4. A method according to any preceding claim 3, wherein said first and third objects are members of a first class of objects, and said second objects are members of a second distinct class of objects.
5. A method according to any preceding claim, wherein determining the relevance of each of said plurality of second objects comprises processing data within each of said second objects with reference to the particular criterion.
6. A method according to claim 5, wherein processing data within each of said second objects comprises processing references to further objects from said second objects.
7. A method according to any preceding claim wherein said objects are webpages.
8. A method according to claim 7 wherein said second objects are referenced by said first object using first hyperlinks.
9. A method according to claim 7 or 8 as dependent upon claim 3, wherein said third objects are referenced by said first object using second hyperlinks.
10. A method according to claim 9, comprising processing said second hyperlinks to determine relevance of said first object.
11. A method according to claim 10, wherein processing said second hyperlinks comprises processing anchor text associated with said second hyperlinks.
12. A method according to claim 10, wherein processing said second hyperlinks comprises processing alt tags associated with said second hyperlinks.
13. A method according to claim 7, 8, 9, 10 or 11, wherein said first objects are associated with a first domain, and said second objects are associated with a second distinct domain.
14. A method according to claim 13 as dependent upon claim 3, wherein said third objects are associated with said first domain.
15. A method according to any one of claims 7 to 14, wherein said second objects reference further objects using further hyperlinks, and said further hyperlinks are processed to determine the relevance of a particular second object.

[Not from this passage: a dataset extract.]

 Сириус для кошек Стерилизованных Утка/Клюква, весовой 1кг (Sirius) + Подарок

16. A method according to claim 15, wherein processing said further hyperlinks comprises processing anchor text associated with said second hyper links.

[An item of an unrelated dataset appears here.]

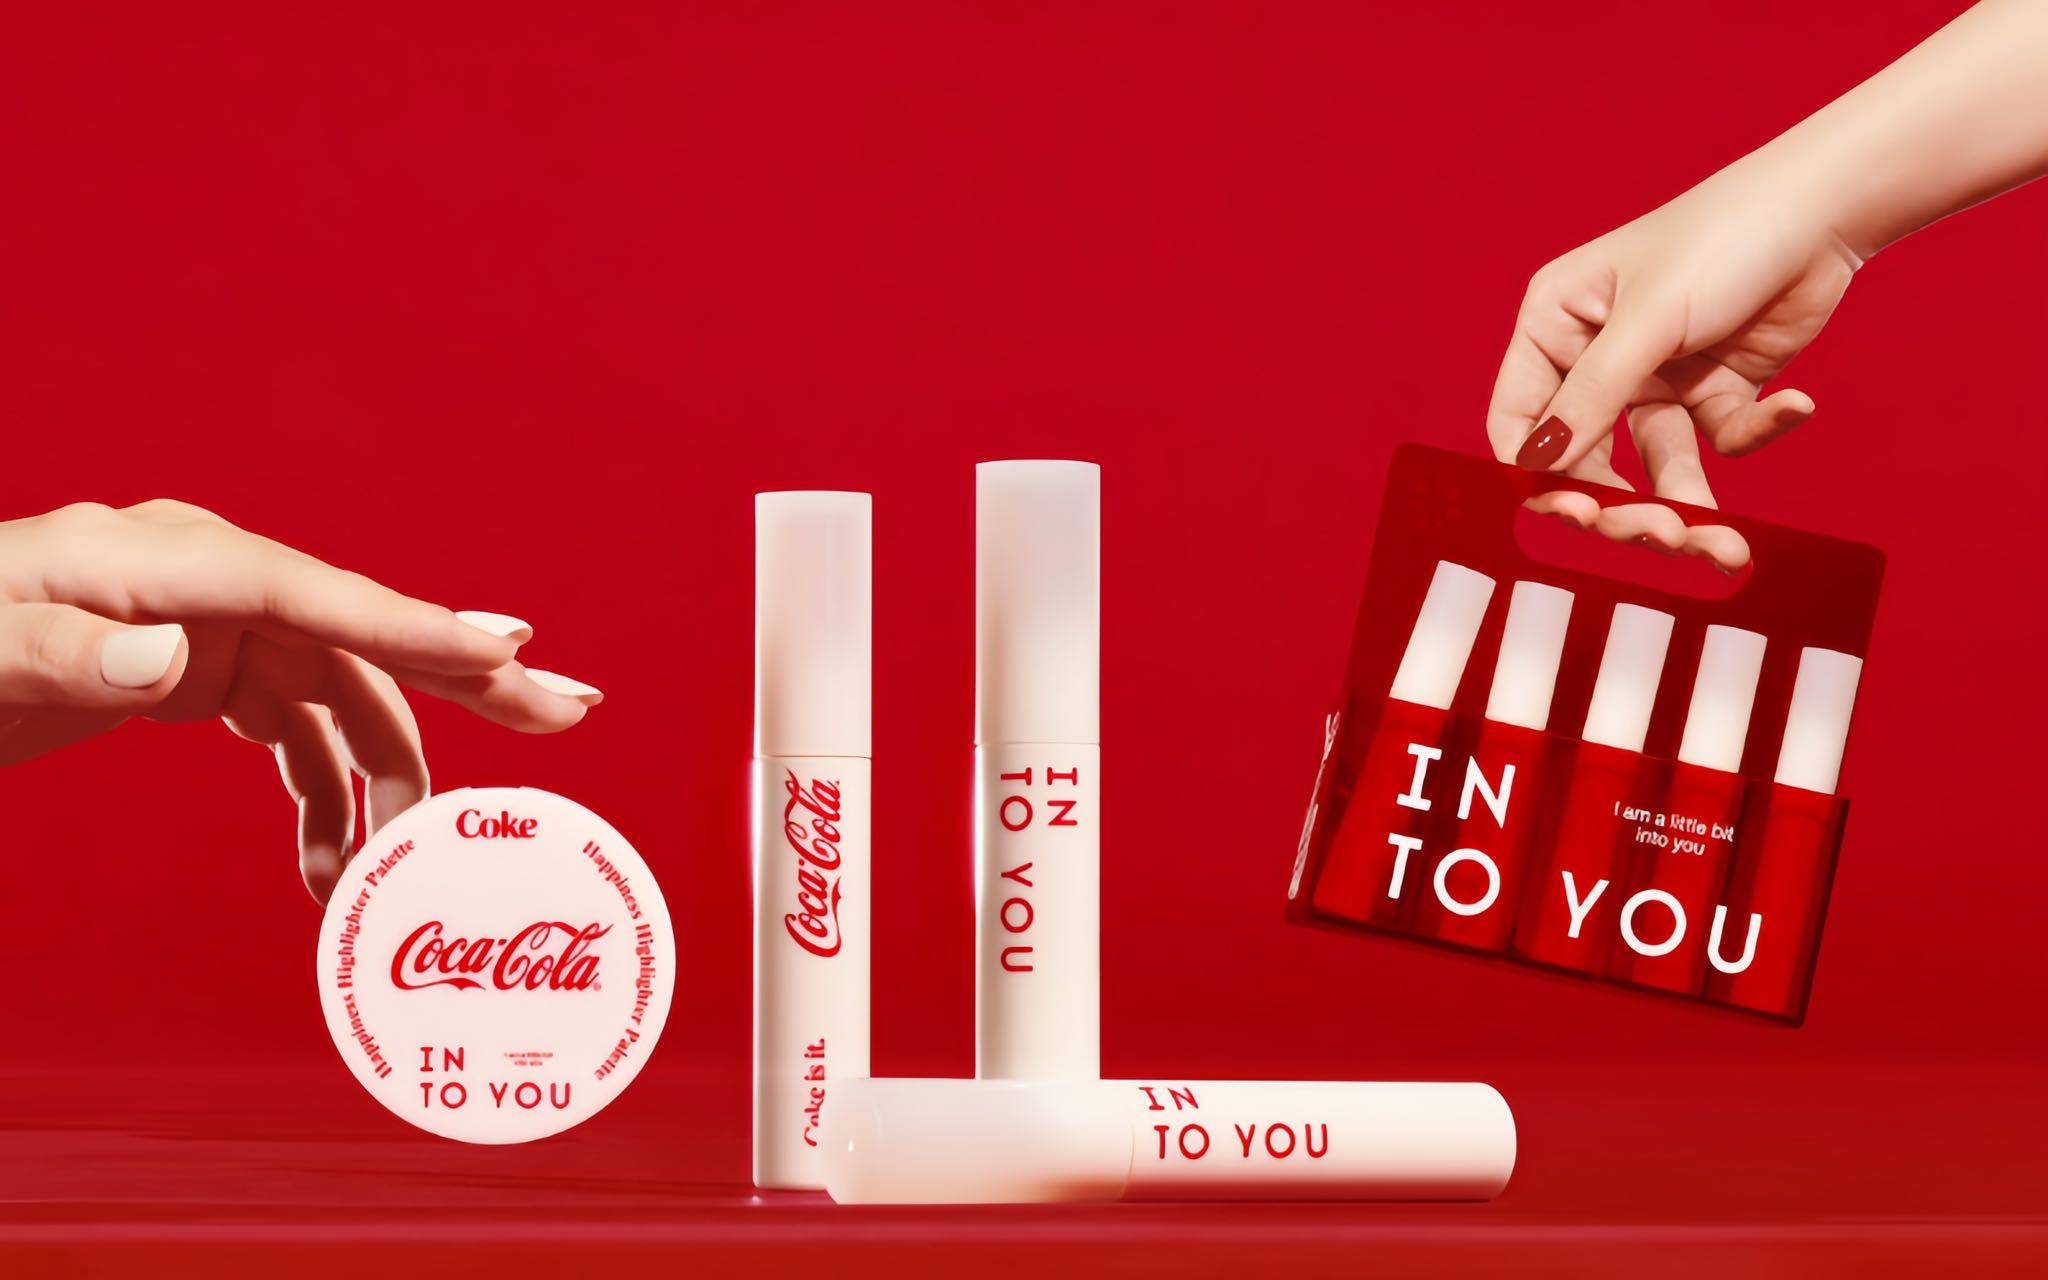 INTO YOU 和可口可乐合作推出快乐系列彩妆

17. A method according to claim 15, wherein processing said further hyperlinks comprises processing alt tags associated with said second hyperlinks.

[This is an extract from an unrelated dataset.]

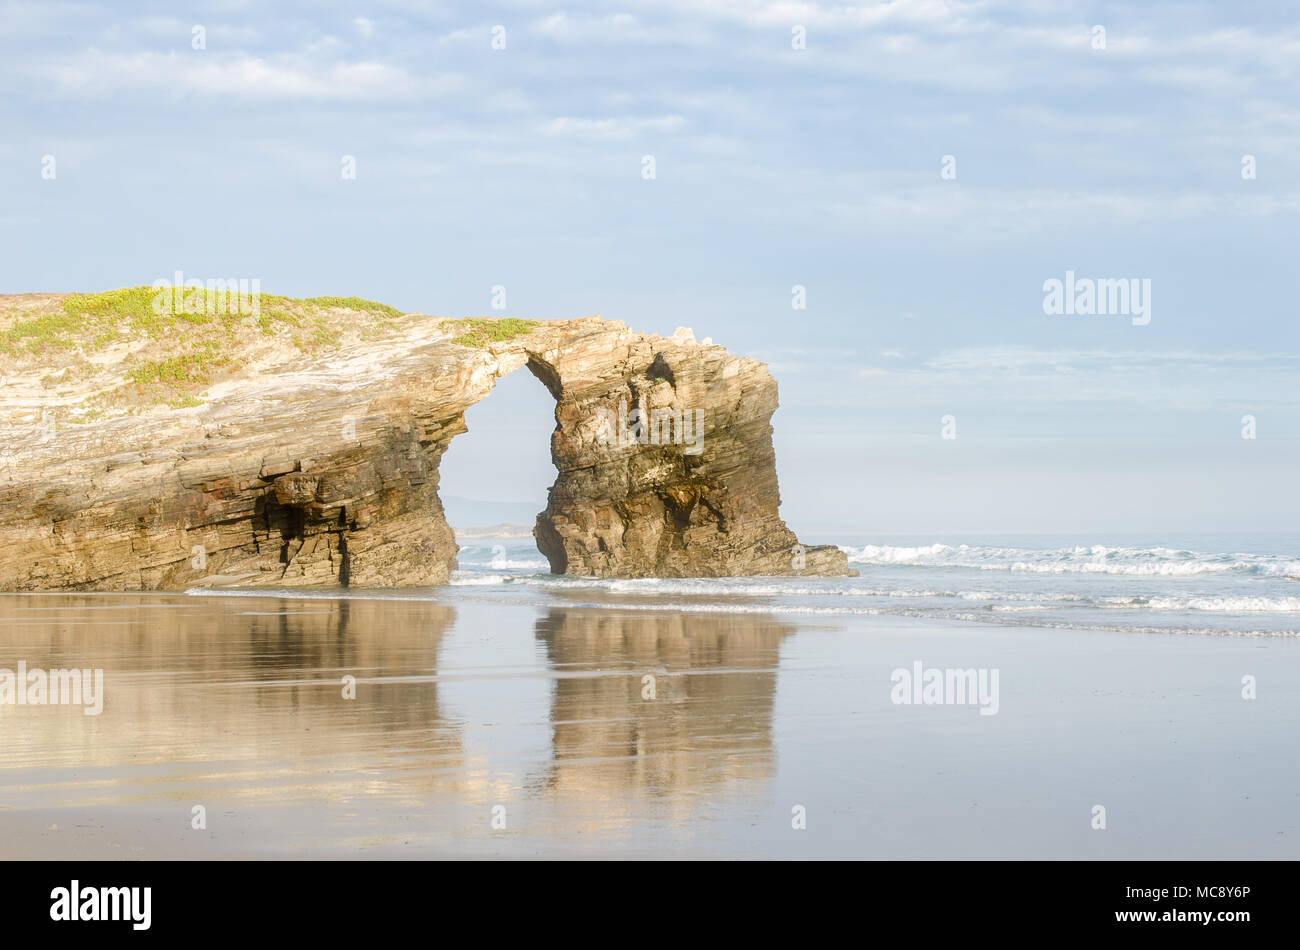 Comme à l'arche naturelle Catedrais beach - c'est le nom touristique de Praia de Aguas Santas (plage des eaux saintes). La Galice, Espagne Banque D'Images

18. A method according to any preceding claim, wherein said objects are stored in a database.
19. A method according to claim 18, further comprising: retrieving said objects over the Internet and storing said objects in said database.
20. A method according to any preceding claim, wherein said criterion is based upon user input.
21. A method according to claim 20, further comprising: receiving textual input data; and generating said criterion based upon said textual input data.
22. A method according to claim 20, further comprising: receiving input data representing user selection of one of a plurality of categories; and determining one or more criteria based upon said category.
23. A method according to any one of claims 1 to 19, further comprising: reading data defining a plurality of categories, each category being associated with at least one criterion; and determining the relevance of an object to each category based upon the or each criterion associated with each category.
24. A method according to claim 23, further comprising storing data indicating the relevance of each object to each category.
25. A method according to claim 24, further comprising: receiving user input data specifying content of interest; receiving user input selecting one of said plurality of categories; and retrieving objects based upon said input data and the relevance of objects to said selected category.
26. A method according to claim 25, wherein said user input data comprises a text string.
27. A method according to claim 26, further comprising comparing contents of objects to said text string to retrieve objects based upon said input data.
28. A method according to any one of claims 23 to 27, further comprising processing a plurality of objects to determine the or each criterion associated with each of said categories.
29. A method according to claim 28, wherein said processing said plurality of objects comprises determining a plurality of terms included in pages associated with a particular category, and using said plurality of terms to define the or each criterion.
30. A method according to claim 29, wherein a plurality of criteria are associated with each category, said plurality of criteria being selected based upon terms most commonly occurring within objects in said category.
31. Apparatus for generating data indicating relevance of a first object to a particular criterion, the apparatus comprising: means for identifying a plurality of second objects referenced by said first object; means for determining the relevance of each of said plurality of second objects to the particular criterion; and means for generating data indicating the relevance of the first object to the particular criterion based upon said determination.
32. Apparatus according to claim 31, further comprising means for determining relevance of said first object based upon data within said first object.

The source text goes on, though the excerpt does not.